Wyman asked the commissioners to help fund a plan to keep the YMCA downtown. After the hour-and-a-half hearing – which included impassioned and sometimes bitter exchanges between Wyman and Trine – Commissioner Paul Raver moved the board decline to amend its 2008 Capital Improvement Plan to include $300,000 toward the purchase of a downtown site for the Y project.
Raver’s motion was prepared before the hearing – in typed form. The statements of Wyman, Randy Morris, Charlie Skoog, Dave White, Kim LaFollette and Janie Young mattered not.
Wyman, a county councilman and spokesman for the group trying to secure public funding to pay for land to ensure the Y builds an $8 million-to-$9-million building downtown, said he was “extremely disappointed” with the commissioners’ vote.
“We will go to somebody else for the money,” he said. “This is too important for the community. An opportunity like this doesn’t come about every day.”
According to Raver’s motion, the commissioners believe “the following issues must be considered, publicly debated and resolved before the Board should consider committing public funds to purchase of this Site for the YMCA:
“1. The impact of the 2008 property tax reforms, including caps, upon the County’s finances, including EDIT funds.

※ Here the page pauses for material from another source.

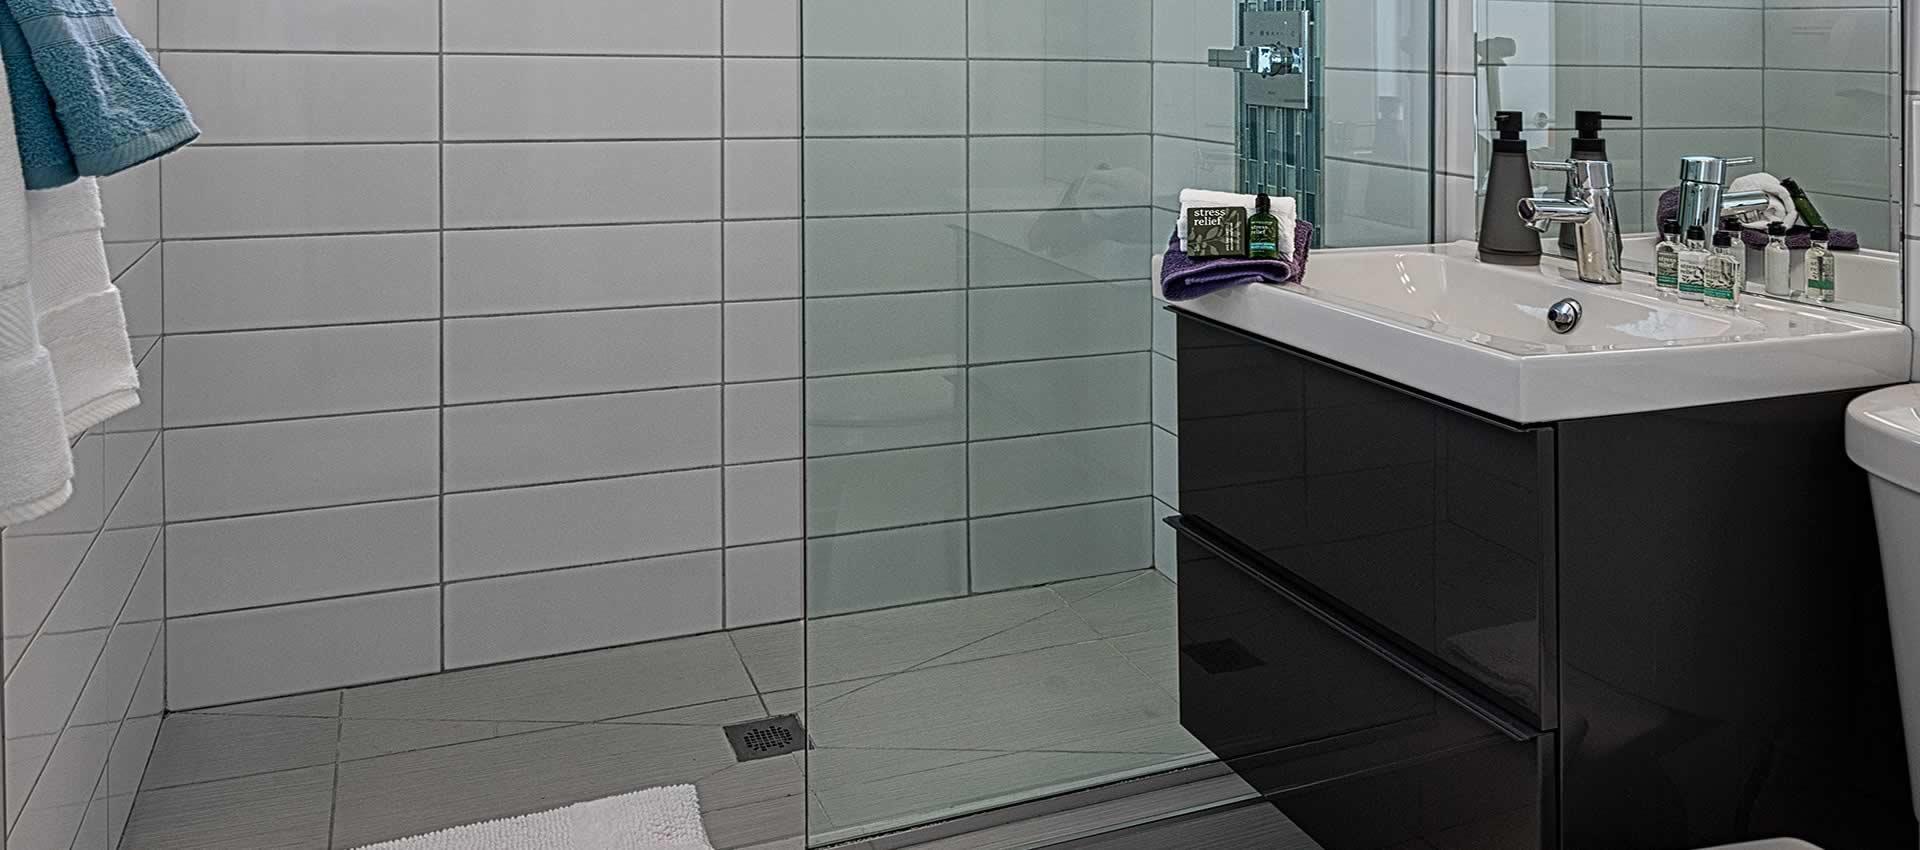 twist-hotel-room222-bath

“2. The impact of the City’s proposed annexation upon the County’s finances, including EDIT funds.
“3. The impact and priority of other pending proposals for use of County EDIT funds, including the transfer of the New London Conservancy District to Russiaville.
“4. Details on the structure of the proposed transaction, including what entity will purchase and own the Site.
“5. Whether the County should give public funds to a non-for-profit religious organization for the construction of a facility.
“6. Whether the construction of a new YMCA facility in downtown Kokomo will foster economic development in Howard County.
“7. Clarification and more detail on the consortium’s projected cost estimates for the project, including the costs of environmental clean-up of the Site and utility relocation.
“8. Details of the environmental studies performed on the Site.
“9. The YMCA’s final commitment to this Site and its projected timetables for fundraising and construction.”
OK, let’s publicly consider this. We urge Wyman and his group, members of the YMCA board and others important to the Y’s downtown plan to explain the proposal in one – if not several – town-hall meetings. The Kokomo Tribune, and our friends at the Kokomo Perspective, will help coordinate – even moderate – what we foresee as question-and-answer sessions.
We hope to hear from you, all. And we hope the commissioners will be in attendance. For, as Wyman said, this is too important to the community.